9.                   Judge Hatton also noted, at [45] to [48], that the appellant's representatives had obtained the relevant voice recordings of the tests taken by the appellant at Queensway College on 18 th July 2012, but had not sought to instruct an expert to analyse the voice recordings. At paragraph [51], Judge Hatton said:

"Accordingly, I have no option but to consider that the subjective and objective evidence against the appellant in respect of this matter is highly compelling for the following reasons:"
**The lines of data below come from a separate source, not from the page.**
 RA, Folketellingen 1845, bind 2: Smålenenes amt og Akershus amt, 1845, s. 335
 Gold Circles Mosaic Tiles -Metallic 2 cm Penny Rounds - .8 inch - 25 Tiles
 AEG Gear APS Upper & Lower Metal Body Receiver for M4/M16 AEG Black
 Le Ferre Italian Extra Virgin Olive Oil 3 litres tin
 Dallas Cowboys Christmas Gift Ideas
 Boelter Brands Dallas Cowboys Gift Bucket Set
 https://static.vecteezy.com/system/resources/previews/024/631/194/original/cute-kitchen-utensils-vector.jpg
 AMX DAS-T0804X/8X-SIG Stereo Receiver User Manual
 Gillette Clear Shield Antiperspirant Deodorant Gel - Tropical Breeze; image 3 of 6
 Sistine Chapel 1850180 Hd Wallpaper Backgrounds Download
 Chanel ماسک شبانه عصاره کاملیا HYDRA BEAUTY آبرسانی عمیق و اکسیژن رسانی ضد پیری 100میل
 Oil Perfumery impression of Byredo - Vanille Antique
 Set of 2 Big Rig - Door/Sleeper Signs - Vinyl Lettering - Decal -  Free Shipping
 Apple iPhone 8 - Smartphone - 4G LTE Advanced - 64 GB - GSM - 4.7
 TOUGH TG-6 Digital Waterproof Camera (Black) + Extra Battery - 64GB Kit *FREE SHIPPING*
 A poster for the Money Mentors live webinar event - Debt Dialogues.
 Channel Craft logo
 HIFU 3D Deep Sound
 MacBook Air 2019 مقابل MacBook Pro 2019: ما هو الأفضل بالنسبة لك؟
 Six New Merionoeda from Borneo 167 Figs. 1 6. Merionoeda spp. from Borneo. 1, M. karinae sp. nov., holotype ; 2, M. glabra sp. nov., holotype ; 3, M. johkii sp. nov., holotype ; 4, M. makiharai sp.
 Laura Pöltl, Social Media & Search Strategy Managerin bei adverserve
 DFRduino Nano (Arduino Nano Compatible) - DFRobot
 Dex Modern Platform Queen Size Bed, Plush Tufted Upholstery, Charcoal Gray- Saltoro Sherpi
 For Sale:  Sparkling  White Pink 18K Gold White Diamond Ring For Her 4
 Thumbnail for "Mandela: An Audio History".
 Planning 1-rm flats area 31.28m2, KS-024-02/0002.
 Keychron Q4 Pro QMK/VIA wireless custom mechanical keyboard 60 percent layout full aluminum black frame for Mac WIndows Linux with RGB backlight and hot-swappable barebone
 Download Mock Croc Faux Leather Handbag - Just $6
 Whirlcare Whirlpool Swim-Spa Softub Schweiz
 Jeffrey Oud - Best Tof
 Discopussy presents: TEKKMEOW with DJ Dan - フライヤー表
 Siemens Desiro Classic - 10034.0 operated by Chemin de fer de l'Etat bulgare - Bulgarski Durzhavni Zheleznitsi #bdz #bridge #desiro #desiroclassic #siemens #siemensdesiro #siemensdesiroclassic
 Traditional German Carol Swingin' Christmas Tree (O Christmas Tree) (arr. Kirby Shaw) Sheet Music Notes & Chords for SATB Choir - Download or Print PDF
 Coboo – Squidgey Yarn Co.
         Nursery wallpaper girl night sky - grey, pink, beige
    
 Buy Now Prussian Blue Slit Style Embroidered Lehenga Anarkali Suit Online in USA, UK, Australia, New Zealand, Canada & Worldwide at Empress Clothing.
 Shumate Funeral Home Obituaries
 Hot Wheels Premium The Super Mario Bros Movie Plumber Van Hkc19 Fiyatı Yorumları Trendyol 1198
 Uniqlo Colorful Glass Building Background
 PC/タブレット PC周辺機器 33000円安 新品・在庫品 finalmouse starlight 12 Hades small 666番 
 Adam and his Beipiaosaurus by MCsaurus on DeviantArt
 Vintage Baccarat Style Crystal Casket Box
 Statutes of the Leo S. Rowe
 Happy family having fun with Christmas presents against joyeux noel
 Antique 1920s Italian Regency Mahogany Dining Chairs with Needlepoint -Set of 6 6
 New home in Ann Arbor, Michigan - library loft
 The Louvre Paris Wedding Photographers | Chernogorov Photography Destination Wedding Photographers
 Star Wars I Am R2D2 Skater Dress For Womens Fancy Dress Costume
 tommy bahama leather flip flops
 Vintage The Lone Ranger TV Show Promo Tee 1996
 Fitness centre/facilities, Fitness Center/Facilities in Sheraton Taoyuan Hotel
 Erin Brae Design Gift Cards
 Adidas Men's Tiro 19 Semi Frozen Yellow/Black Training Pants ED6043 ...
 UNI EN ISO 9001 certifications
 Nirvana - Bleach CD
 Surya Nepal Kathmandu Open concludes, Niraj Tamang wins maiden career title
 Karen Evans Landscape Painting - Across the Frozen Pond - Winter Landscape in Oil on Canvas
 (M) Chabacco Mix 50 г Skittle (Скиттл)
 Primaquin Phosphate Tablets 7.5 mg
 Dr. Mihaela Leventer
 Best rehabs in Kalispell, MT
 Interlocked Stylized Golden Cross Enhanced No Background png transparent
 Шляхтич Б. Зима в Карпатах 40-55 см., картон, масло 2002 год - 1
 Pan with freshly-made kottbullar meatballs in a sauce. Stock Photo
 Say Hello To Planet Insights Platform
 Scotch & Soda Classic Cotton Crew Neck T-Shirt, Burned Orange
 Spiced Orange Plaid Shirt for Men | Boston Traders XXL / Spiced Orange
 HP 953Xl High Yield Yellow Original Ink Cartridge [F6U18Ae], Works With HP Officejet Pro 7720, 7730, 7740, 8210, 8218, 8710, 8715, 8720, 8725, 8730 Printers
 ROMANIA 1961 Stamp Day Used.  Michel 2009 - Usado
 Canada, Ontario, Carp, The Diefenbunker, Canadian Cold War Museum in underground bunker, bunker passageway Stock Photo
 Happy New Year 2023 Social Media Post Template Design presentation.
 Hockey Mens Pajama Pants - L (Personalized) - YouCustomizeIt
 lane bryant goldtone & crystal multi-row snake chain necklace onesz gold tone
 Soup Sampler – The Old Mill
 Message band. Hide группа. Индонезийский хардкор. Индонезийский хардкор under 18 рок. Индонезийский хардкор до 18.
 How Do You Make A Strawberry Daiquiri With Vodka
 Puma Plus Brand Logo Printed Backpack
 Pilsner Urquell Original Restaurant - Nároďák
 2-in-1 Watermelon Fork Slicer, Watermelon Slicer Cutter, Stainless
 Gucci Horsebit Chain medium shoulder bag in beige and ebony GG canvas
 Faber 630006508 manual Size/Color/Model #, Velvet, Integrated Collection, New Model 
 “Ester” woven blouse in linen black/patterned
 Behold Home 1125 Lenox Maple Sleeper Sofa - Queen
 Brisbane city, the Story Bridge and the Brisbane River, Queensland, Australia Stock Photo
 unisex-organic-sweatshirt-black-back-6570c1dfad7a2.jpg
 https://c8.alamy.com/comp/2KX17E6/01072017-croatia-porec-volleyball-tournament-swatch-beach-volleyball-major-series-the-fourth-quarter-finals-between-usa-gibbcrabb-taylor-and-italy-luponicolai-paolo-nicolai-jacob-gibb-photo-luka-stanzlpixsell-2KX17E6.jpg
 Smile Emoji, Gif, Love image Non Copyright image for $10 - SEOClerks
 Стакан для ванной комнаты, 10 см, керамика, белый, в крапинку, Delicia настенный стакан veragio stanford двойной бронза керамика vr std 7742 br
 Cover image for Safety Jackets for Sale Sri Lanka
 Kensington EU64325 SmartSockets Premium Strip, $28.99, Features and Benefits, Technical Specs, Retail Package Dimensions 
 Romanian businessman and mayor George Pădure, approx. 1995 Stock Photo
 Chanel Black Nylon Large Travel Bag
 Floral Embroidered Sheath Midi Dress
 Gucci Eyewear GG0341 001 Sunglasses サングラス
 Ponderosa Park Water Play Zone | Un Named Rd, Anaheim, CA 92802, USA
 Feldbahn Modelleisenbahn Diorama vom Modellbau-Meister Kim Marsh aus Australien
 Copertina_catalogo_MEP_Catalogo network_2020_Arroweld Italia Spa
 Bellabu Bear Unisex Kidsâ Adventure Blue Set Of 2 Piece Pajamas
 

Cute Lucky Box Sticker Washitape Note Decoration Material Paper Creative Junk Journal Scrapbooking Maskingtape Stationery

10.               At paragraphs [52] to [56] Judge Hatton sets out five reasons and at paragraphs [57] to [60], he stated:

"57. Accordingly, I am satisfied that the respondent has discharged their evidential burden to provide prima facie evidence of dishonesty and the appellant has correspondingly failed to provide a satisfactory explanation for his ability to obtain such significantly higher test scores within such a short space of time. On the balance of probabilities, I therefore consider that the appellant utilised the services of a proxy tester for the purposes of facilitating the passing of TOEIC tests by way of deception.

58. In so finding, I note that by his own admission, the appellant left taking the mandatory TOEIC tests "to the last minute" and it was only in June 2012 that he properly applied his mind to it [witness statement, para. 16]. In view of the fact that the appellant's leave was scheduled to expire on 31 July 2012, I consider he was under considerable pressure to pass the requisite tests within such a timeframe, which spurred his ill-conceived attempt to cheat."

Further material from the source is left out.